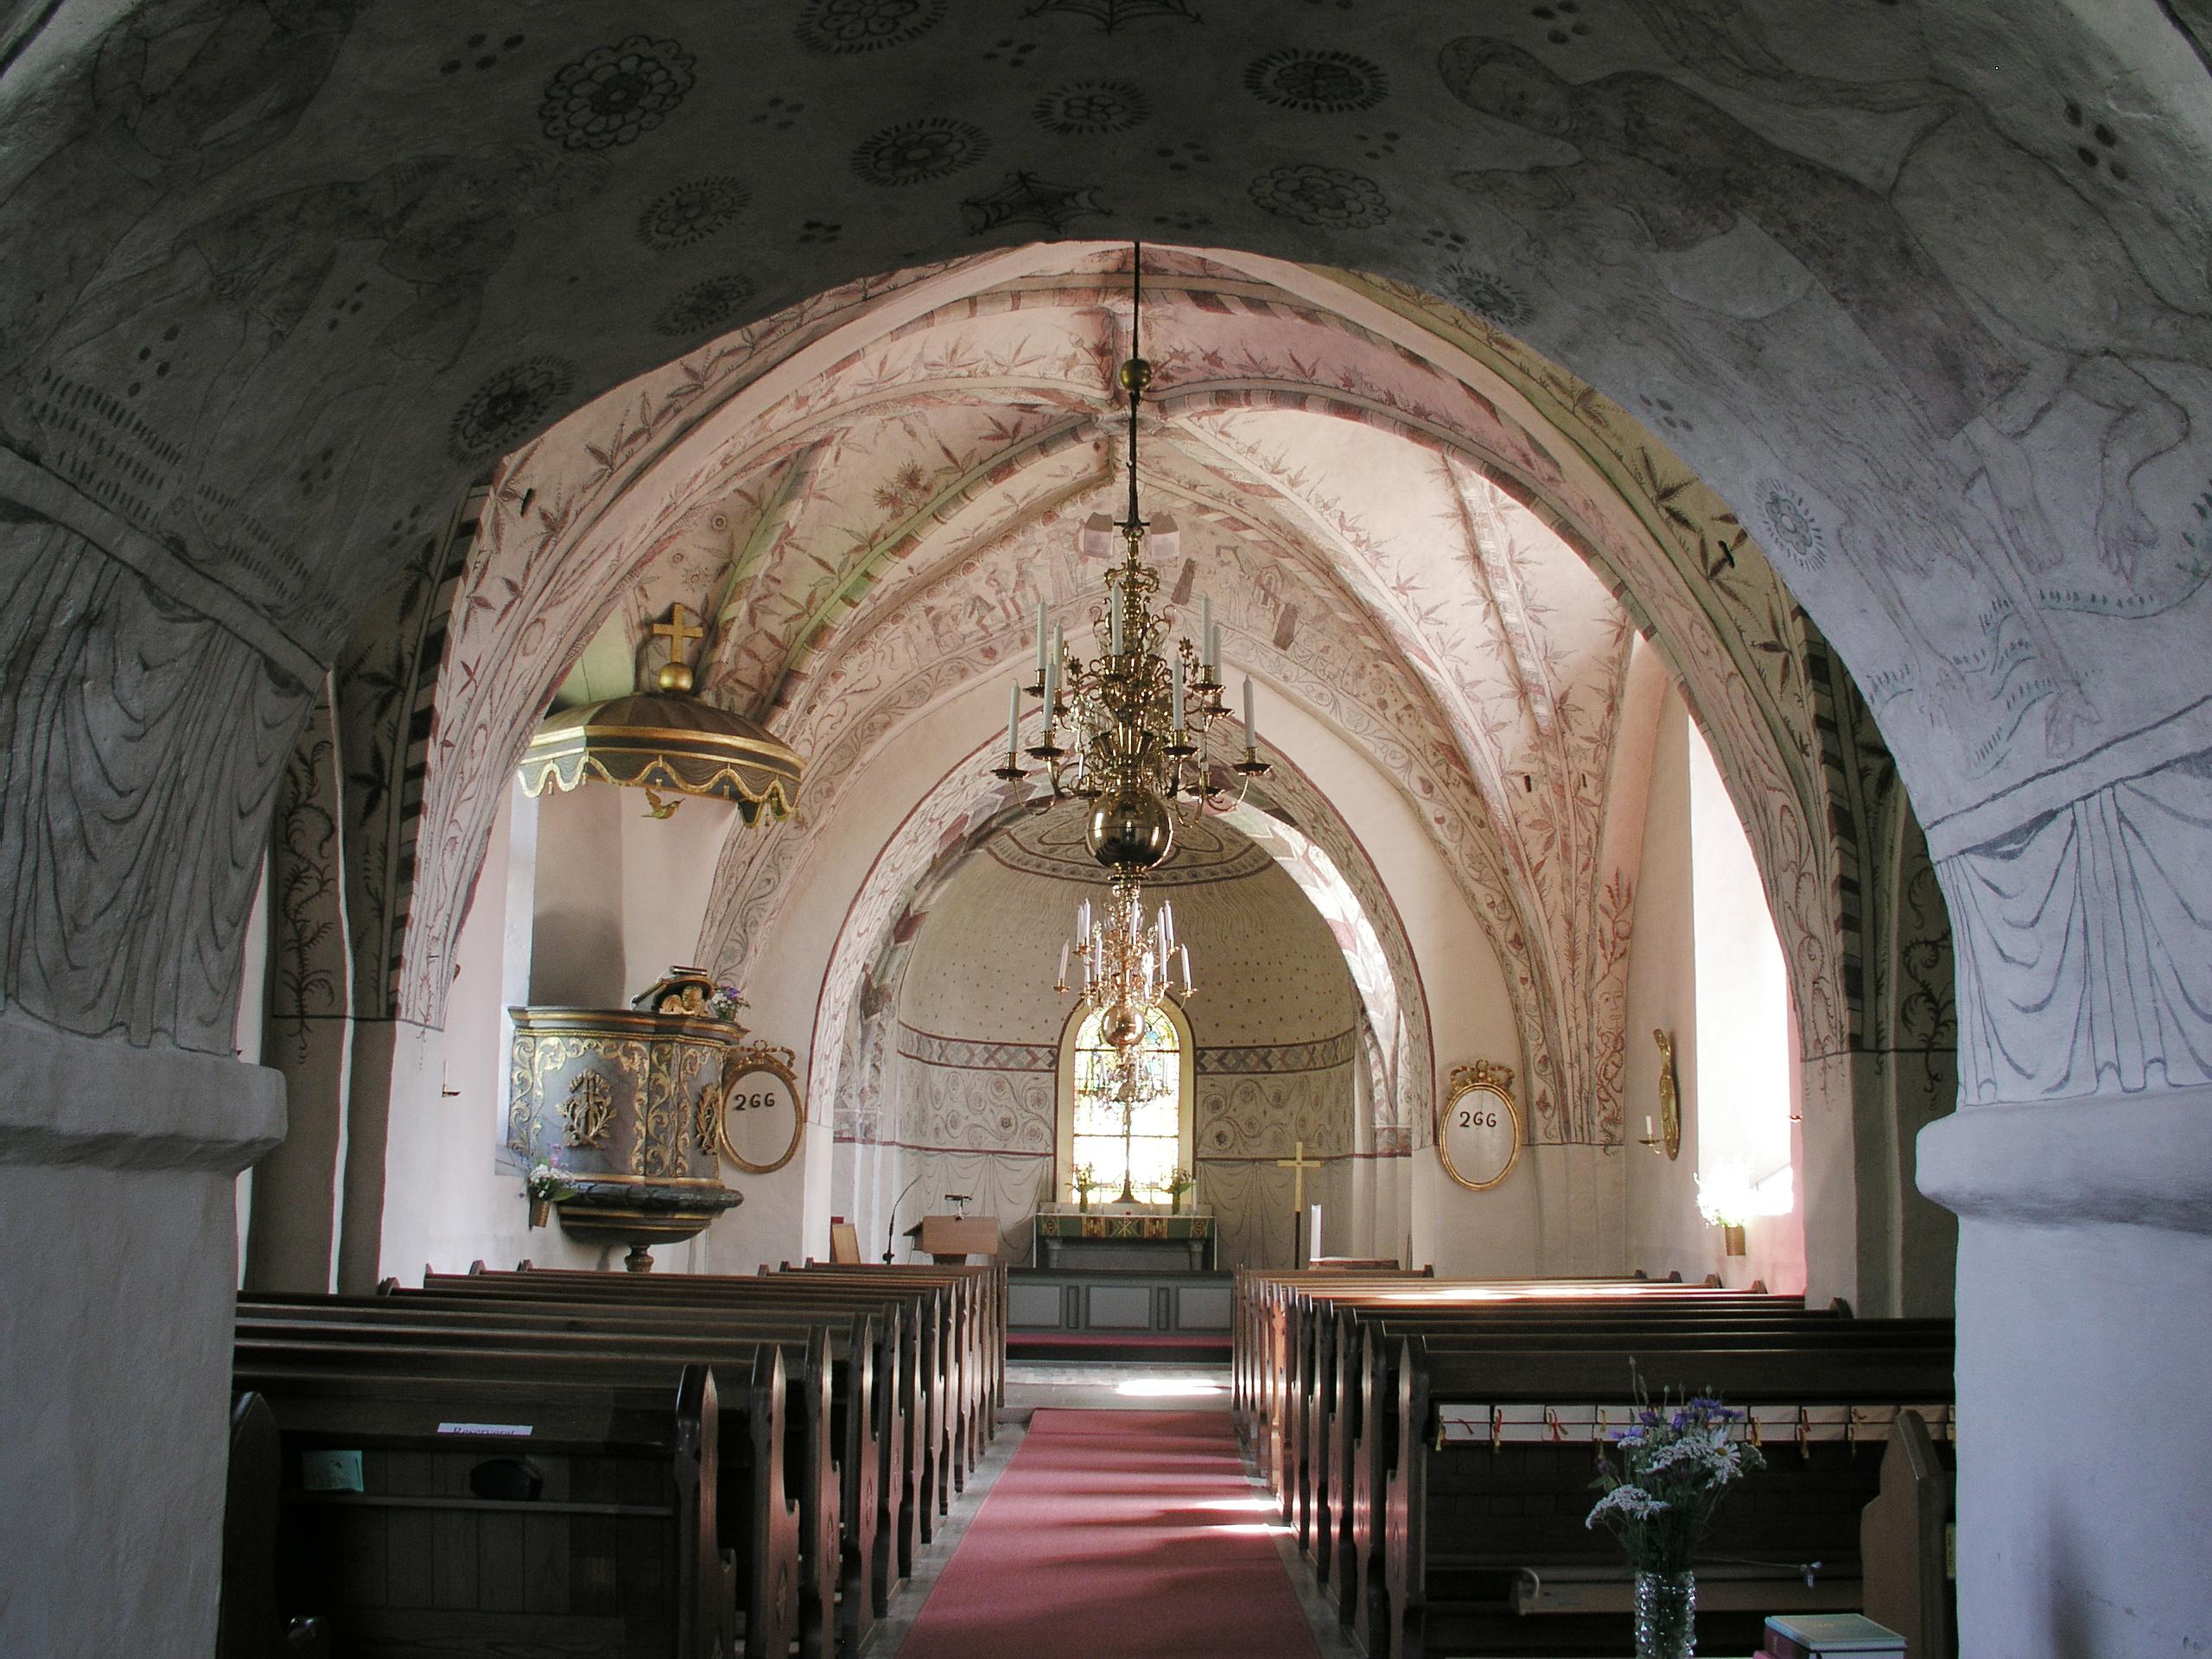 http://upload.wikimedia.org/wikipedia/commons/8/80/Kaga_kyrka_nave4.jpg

==

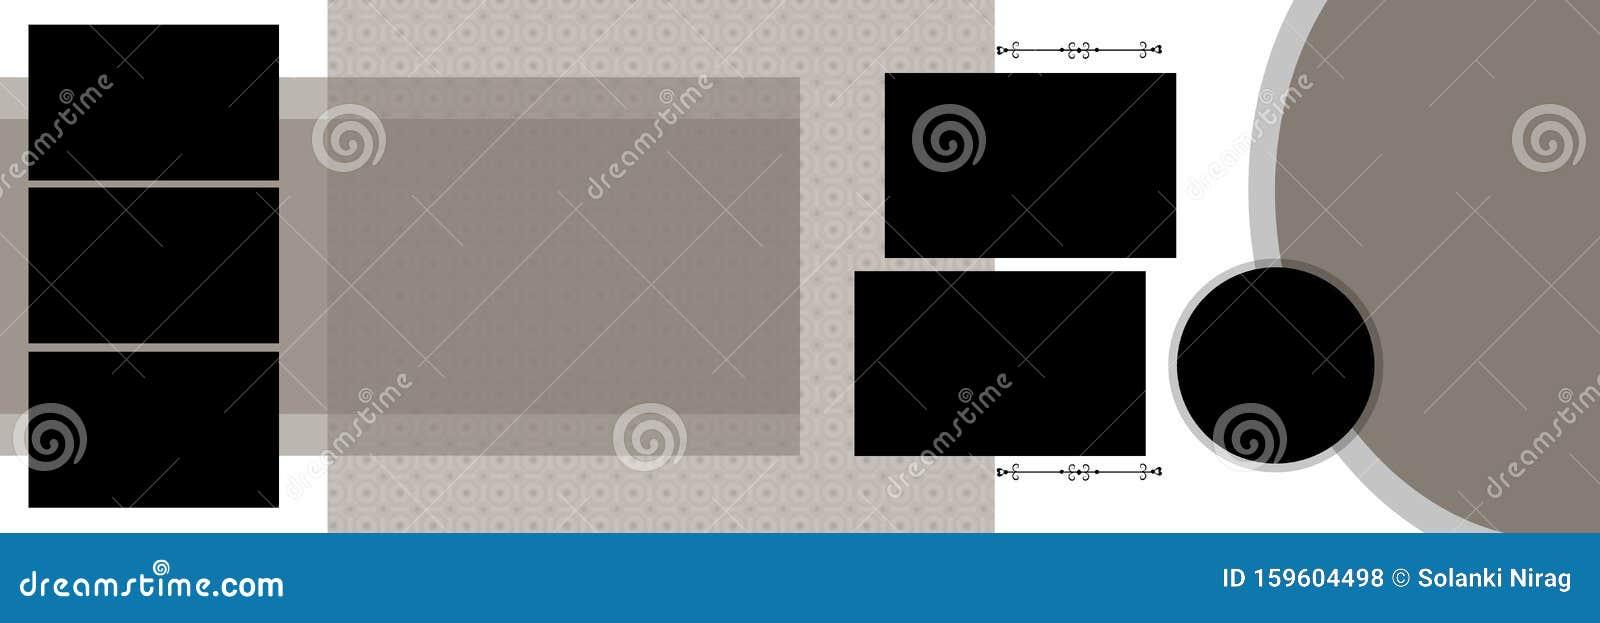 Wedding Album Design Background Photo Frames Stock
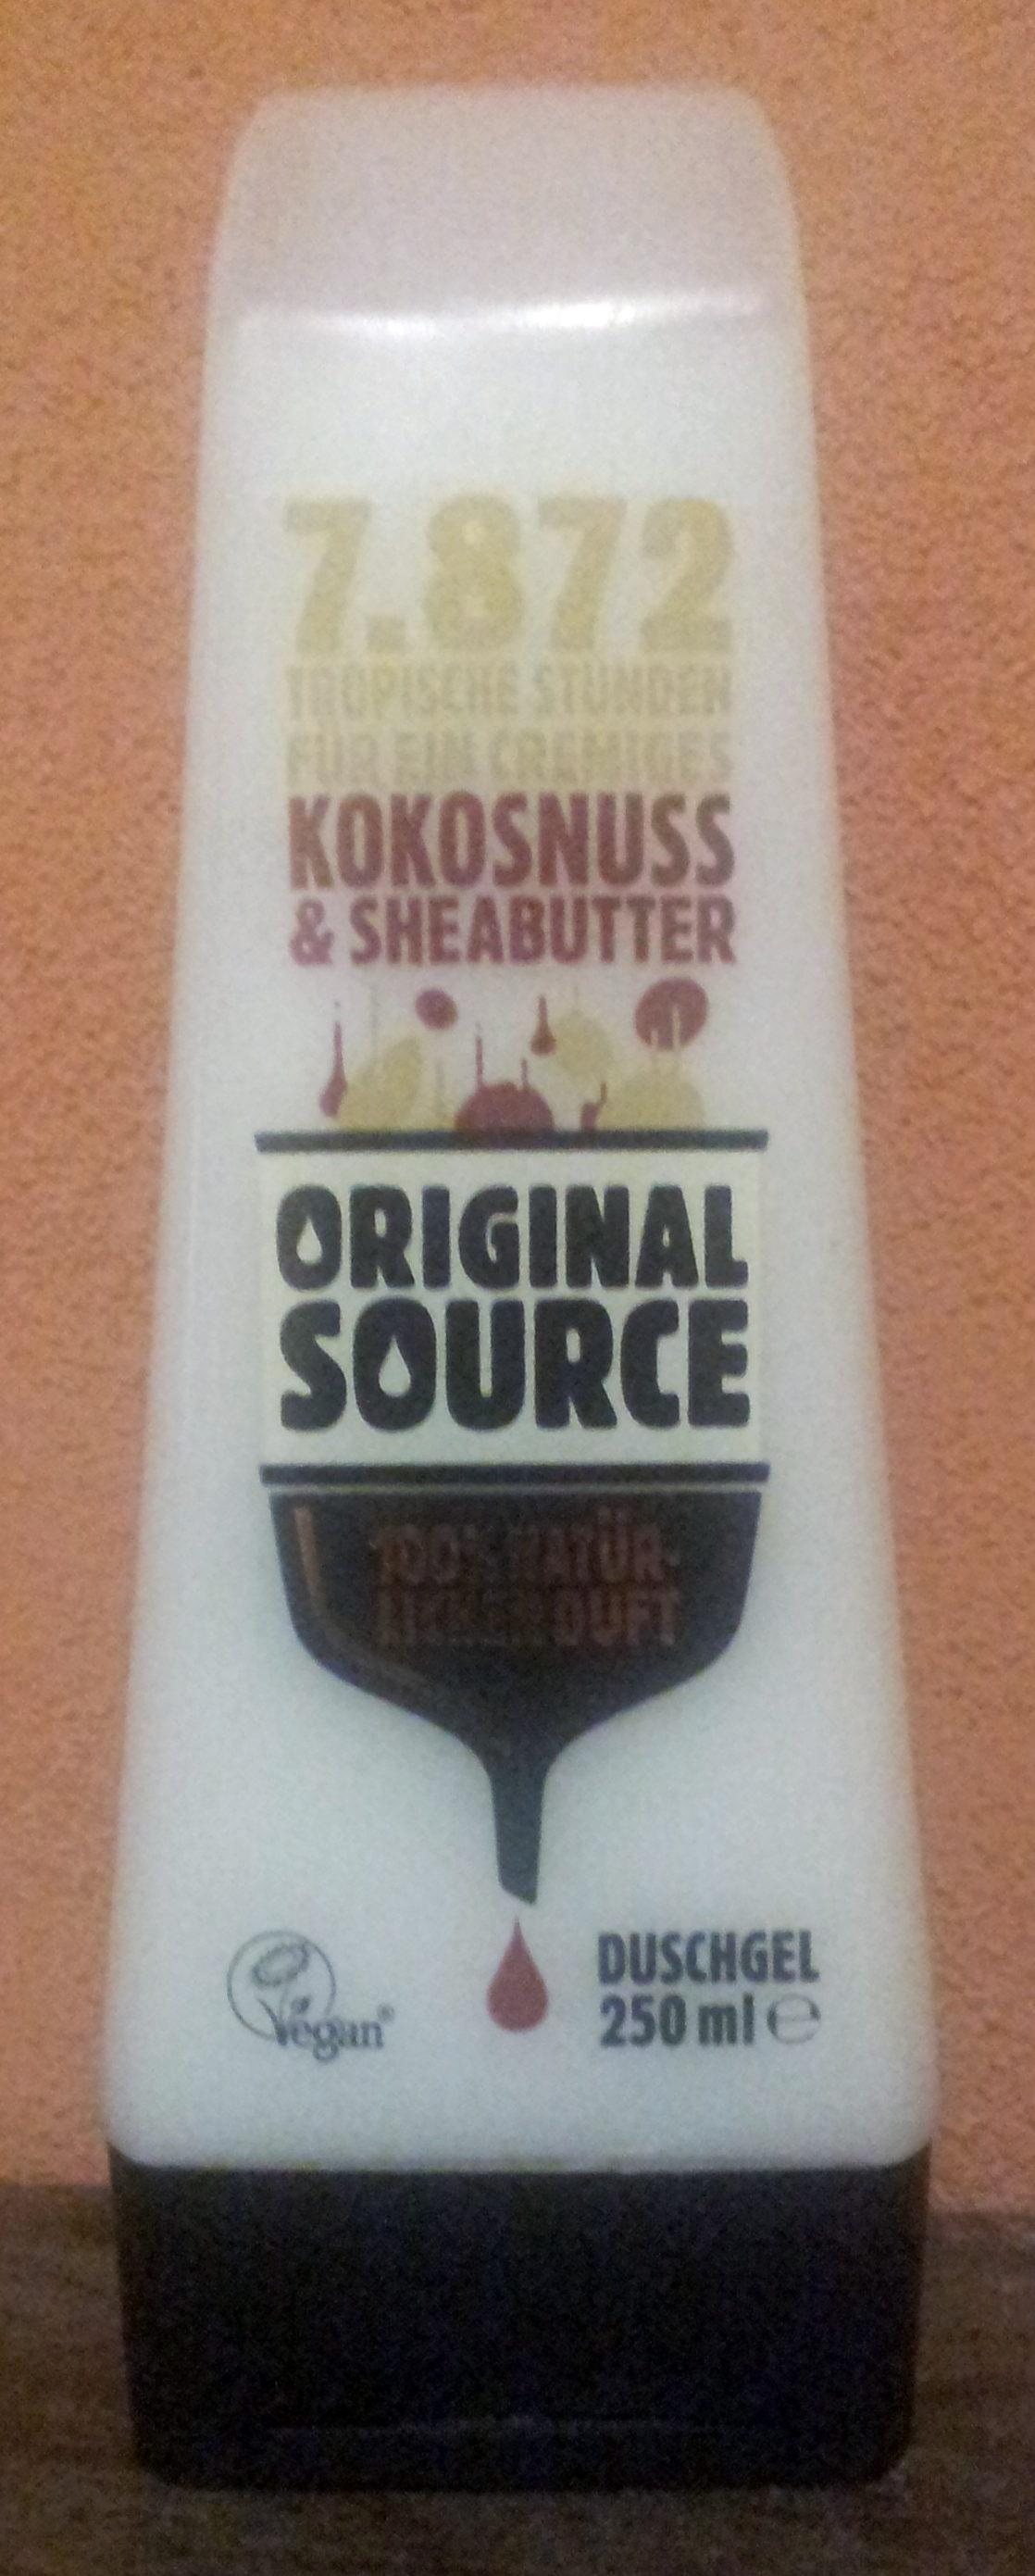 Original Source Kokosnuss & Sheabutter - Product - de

TASK DIRECTIONS: Give back the exact lines above, running from the one that has "Wedding Album Design" through the one that has "Original Source Kokosnuss", with nothing added and no pictures.

ANSWER TO THE EXERCISE:
 Wedding Album Design Background Photo Frames Stock
 Original Source Kokosnuss & Sheabutter - Product - de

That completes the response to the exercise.